Chad's online news sites voiced concern Monday over measures announced by authorities to tighten media controls just over two months before elections.

The Association of Chad's Online Media (AMET) said the decisions by the main media authority "seem to indicate a desire to restrict the activities of online media".

Abderamane Barka, head of the High Authority for Audiovisual Media (HAMA), announced last week that any private newspaper, printed or online, that broadcasts sound or audiovisual content "instead of limiting itself to its written articles, will see its publication suspended".

The same applies to private media that use Facebook pages to publish information other than "original content", Barka told a seminar with the press on Wednesday.

He called for a "continued clean-up of the Chadian media landscape".

But media watchdog Reporters Without Borders, known by its French initials RSF, called it a "groundless decision, which jeopardises media pluralism".

And expressing its "concerns", AMET said in a statement that the measures "seem to go beyond the legal framework".

It comes against a backdrop of restrictions on press freedom in Chad under Mahamat Deby, who was proclaimed head of state by the army in April 2021 when his father, longtime ruler Idriss Deby Itno, was killed by rebels.

In May, he won presidential elections that the opposition boycotted and that international observers said were not credible.

Parliamentary and local elections are scheduled for December 29.

 France's President Emmanuel Macron (2nd R), his wife Brigitte Macron (L) and Secretary General of Francophony Louise Mushikiwabo (R) pose for photographs alongside Chad's President Mahamat Idriss Deby during the 19th Summit of the Francophonie at the "Cite internationale de la langue francaise" in the castle of Villers-Cotterets, north-eastern France, on October 4, 2024. [AFP]

The killing of a former commander of general intelligence and his son by unidentified armed men prompted an official order last week "to secure the city of N'Djamena" and carry out "systematic searches" for weapons.

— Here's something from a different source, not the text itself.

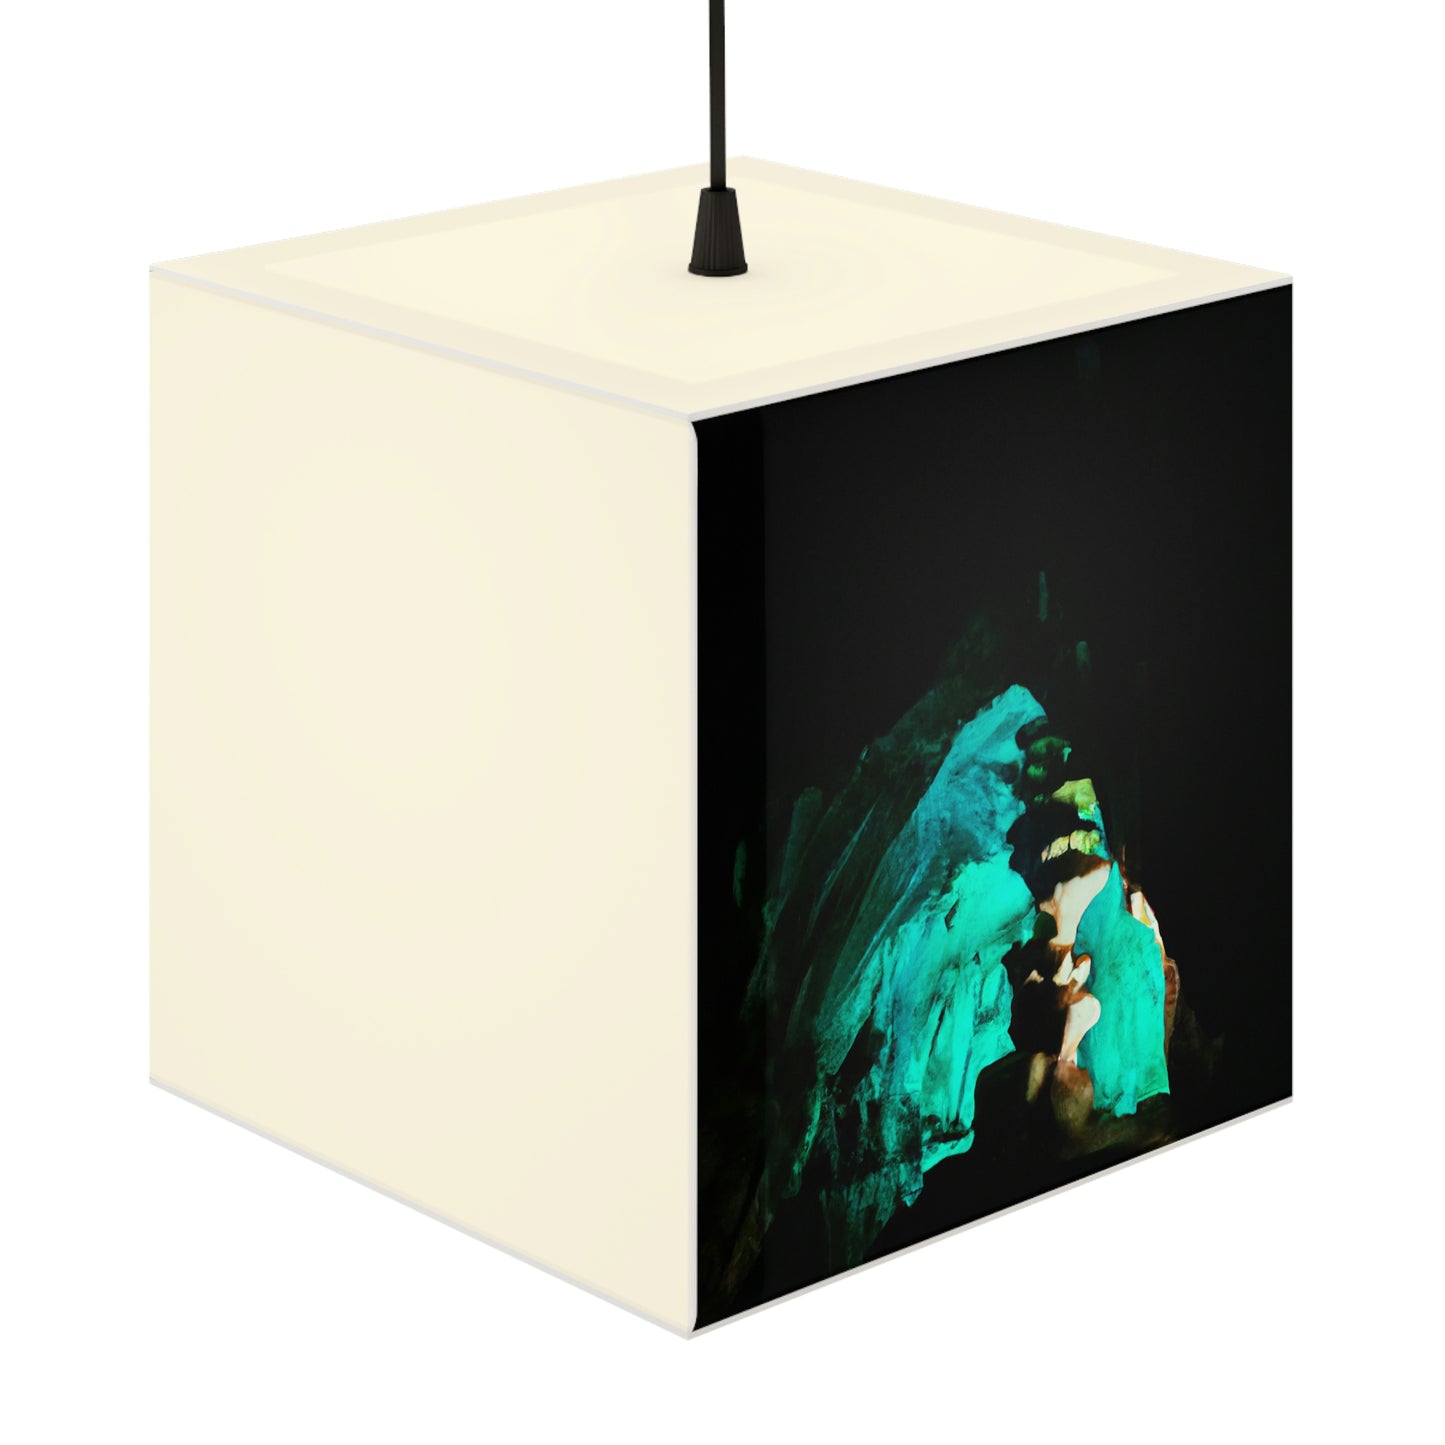 La reliquia reluciente de la cueva: la lámpara del cubo de luz alienígena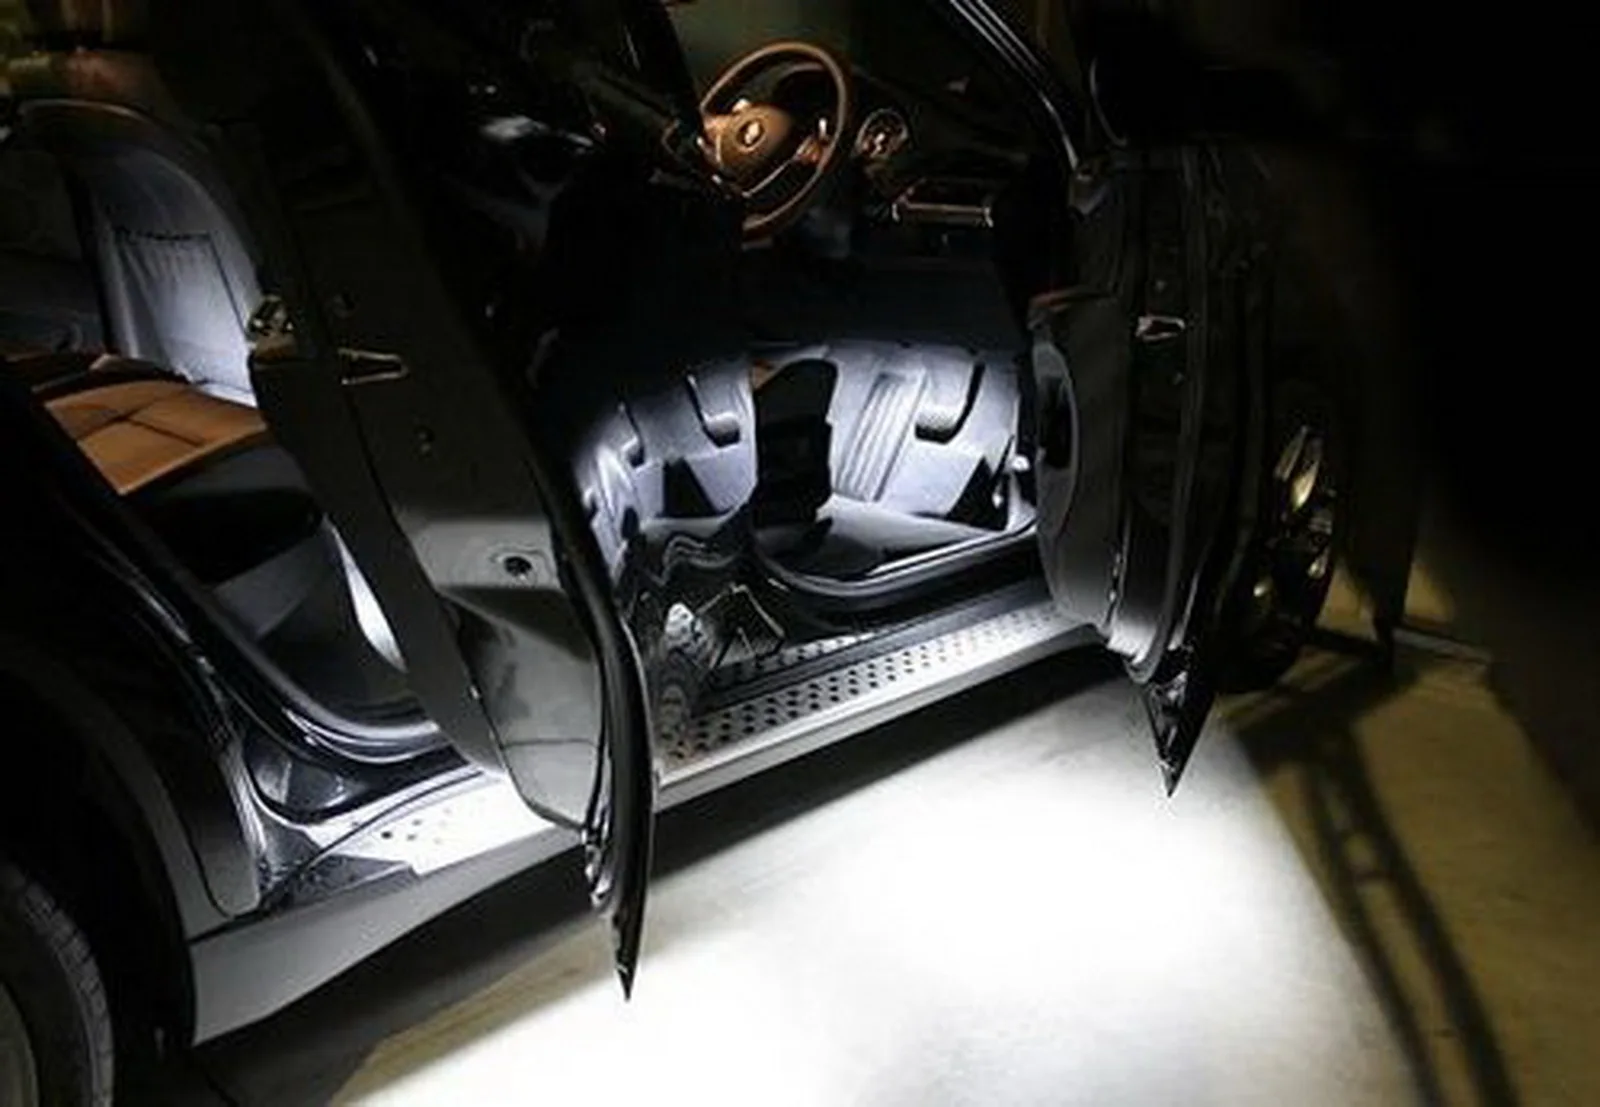 ANGRONG 2X светодио дный ног Предоставлено Боковая дверь свет для VW CC Eos Golf/GTI Jetta Passat поло Sharan MK2 Scirocco Tiguan Touareg

Heavily armed soldiers were deployed in parts of the capital to conduct the searches.

On Saturday, state television announced the replacement of the security minister under a slight government reshuffle.

Opposition parties announced last week that they would refuse to take part in the December elections, denouncing a "harmful climate of dictatorship and of terror".

"The country is heading towards the final crowning of the regime's complete illegitimacy after a bogus referendum that imposed a rejected constitution and a disastrous presidential election whose results were never recorded, compiled and counted," they said in a statement.

In mid-September, the World Organisation Against Torture warned of an increasing number of arrests and detentions without due process by the Chadian intelligence services.